Page MenuHomePhabricator

Increase concurrency of the cirrusCheckerJob
Closed, ResolvedPublic

Description

As we introduced a new elastic cluster to write to (cloudelastic) the CheckerJob has now more work to do.
We tuned the cloudelastic cluster to keep up with the synchronous writes but we are still behind on the checker job.

Event Timeline

Change 532357 had a related patch set uploaded (by Mobrovac; owner: Mobrovac):
[mediawiki/services/change-propagation/jobqueue-deploy@master] [TEMP] cirusSearchCheckerJob: Increase concurrency to 20

https://gerrit.wikimedia.org/r/532357

Change 532357 merged by Mobrovac:
[mediawiki/services/change-propagation/jobqueue-deploy@master] [TEMP] cirusSearchCheckerJob: Increase concurrency to 20

https://gerrit.wikimedia.org/r/532357

Mentioned in SAL (#wikimedia-operations) [2019-08-26T11:55:43Z] <mobrovac@deploy1001> Started deploy [cpjobqueue/deploy@e742ecf]: Increase the concurrency of cirusSearchCheckerJobs to 20 - T231194

Mentioned in SAL (#wikimedia-operations) [2019-08-26T11:57:13Z] <mobrovac@deploy1001> Finished deploy [cpjobqueue/deploy@e742ecf]: Increase the concurrency of cirusSearchCheckerJobs to 20 - T231194 (duration: 01m 31s)

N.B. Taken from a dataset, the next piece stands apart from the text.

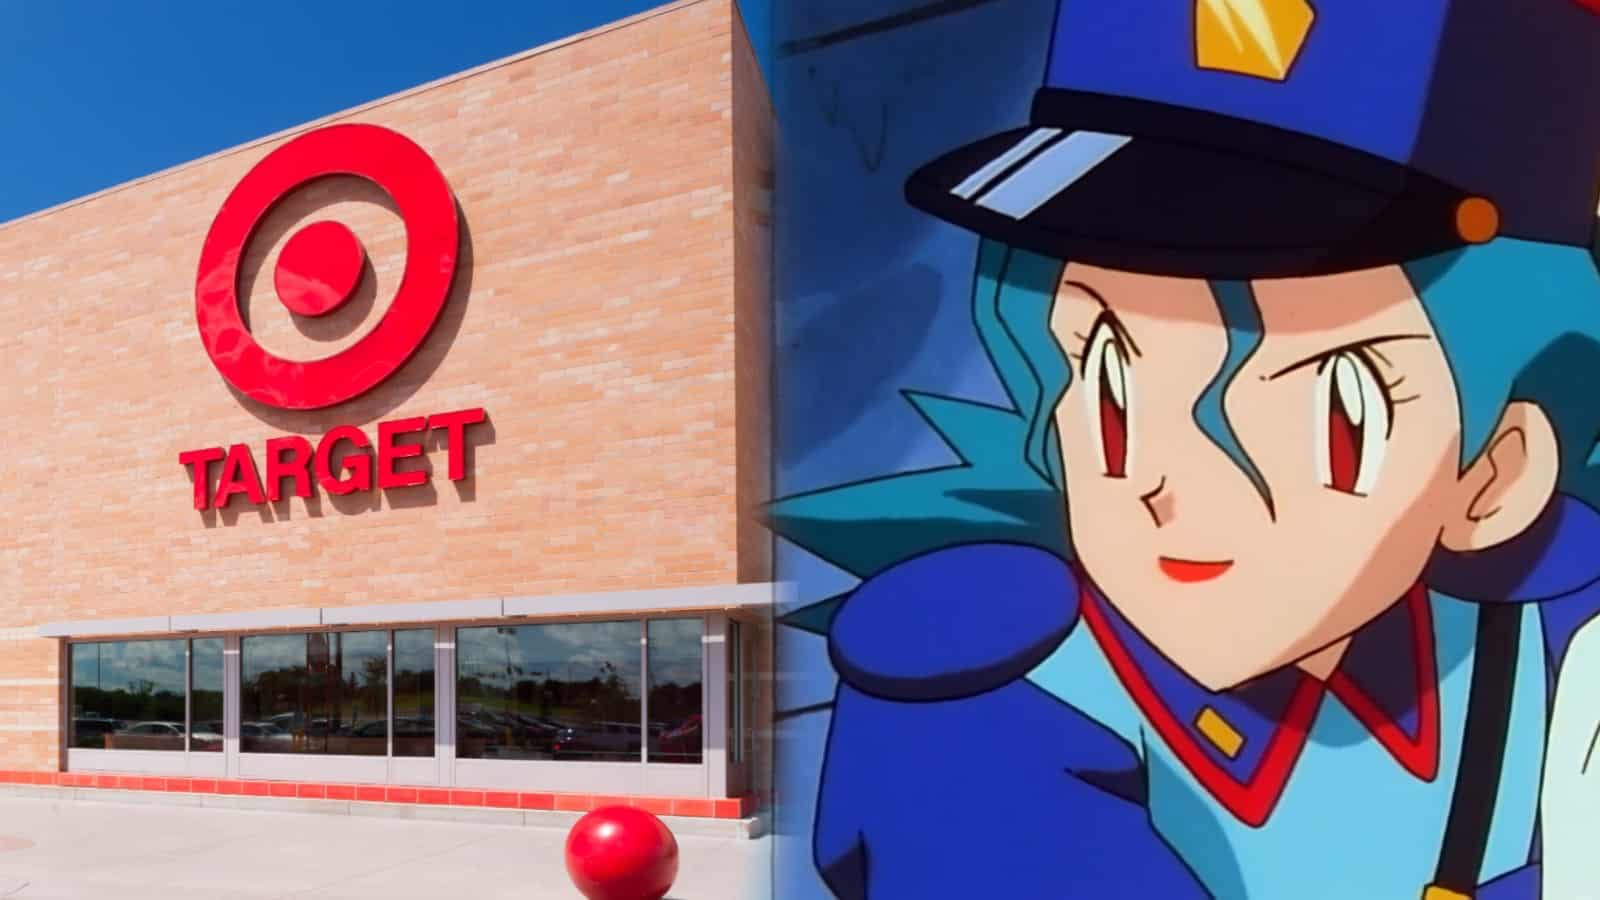 Target store next to Officer Jenny from the Pokemon anime

mobrovac changed the task status from Open to Stalled.Aug 26 2019, 12:10 PM

Stalling until the backlog has been cleared. Once that happens, we'll likely want to decrease the concurrency slightly.

Change 532556 had a related patch set uploaded (by Mobrovac; owner: Mobrovac):
[mediawiki/services/change-propagation/jobqueue-deploy@master] cirrusSearchLinksUpdate: Increase concurrency to 150

https://gerrit.wikimedia.org/r/532556

Change 532556 merged by Mobrovac:
[mediawiki/services/change-propagation/jobqueue-deploy@master] cirrusSearchLinksUpdate: Increase concurrency to 150

https://gerrit.wikimedia.org/r/532556

Mentioned in SAL (#wikimedia-operations) [2019-08-27T09:09:56Z] <mobrovac@deploy1001> Started deploy [cpjobqueue/deploy@c2bc1a3]: Increase cirrusSearchLinksUpdate concurrency to 150 - T231194

Mentioned in SAL (#wikimedia-operations) [2019-08-27T09:11:05Z] <mobrovac@deploy1001> Finished deploy [cpjobqueue/deploy@c2bc1a3]: Increase cirrusSearchLinksUpdate concurrency to 150 - T231194 (duration: 01m 09s)

Change 532694 had a related patch set uploaded (by DCausse; owner: DCausse):
[operations/mediawiki-config@master] [cirrus] Stop generating new cirrusSearchChecker jobs

https://gerrit.wikimedia.org/r/532694

Change 532694 merged by jenkins-bot:
[operations/mediawiki-config@master] [cirrus] Stop generating new cirrusSearchChecker jobs

https://gerrit.wikimedia.org/r/532694

Mentioned in SAL (#wikimedia-operations) [2019-08-27T11:49:24Z] <dcausse@deploy1001> Synchronized wmf-config/CirrusSearch-production.php: T231194 [cirrus] Stop generating new cirrusSearchChecker jobs (duration: 00m 45s)

Change 533842 had a related patch set uploaded (by DCausse; owner: DCausse):
[operations/mediawiki-config@master] [cirrus] Reenable sanity checks

https://gerrit.wikimedia.org/r/533842

Change 533842 merged by jenkins-bot:
[operations/mediawiki-config@master] [cirrus] Reenable sanity checks

https://gerrit.wikimedia.org/r/533842

Mentioned in SAL (#wikimedia-operations) [2019-09-04T11:49:34Z] <dcausse@deploy1001> Synchronized wmf-config/CirrusSearch-production.php: T231194: [cirrus] Reenable sanity checks (duration: 00m 56s)

Thanks @mobrovac, we re-enabled the sanitizer and the topics were stable. closing.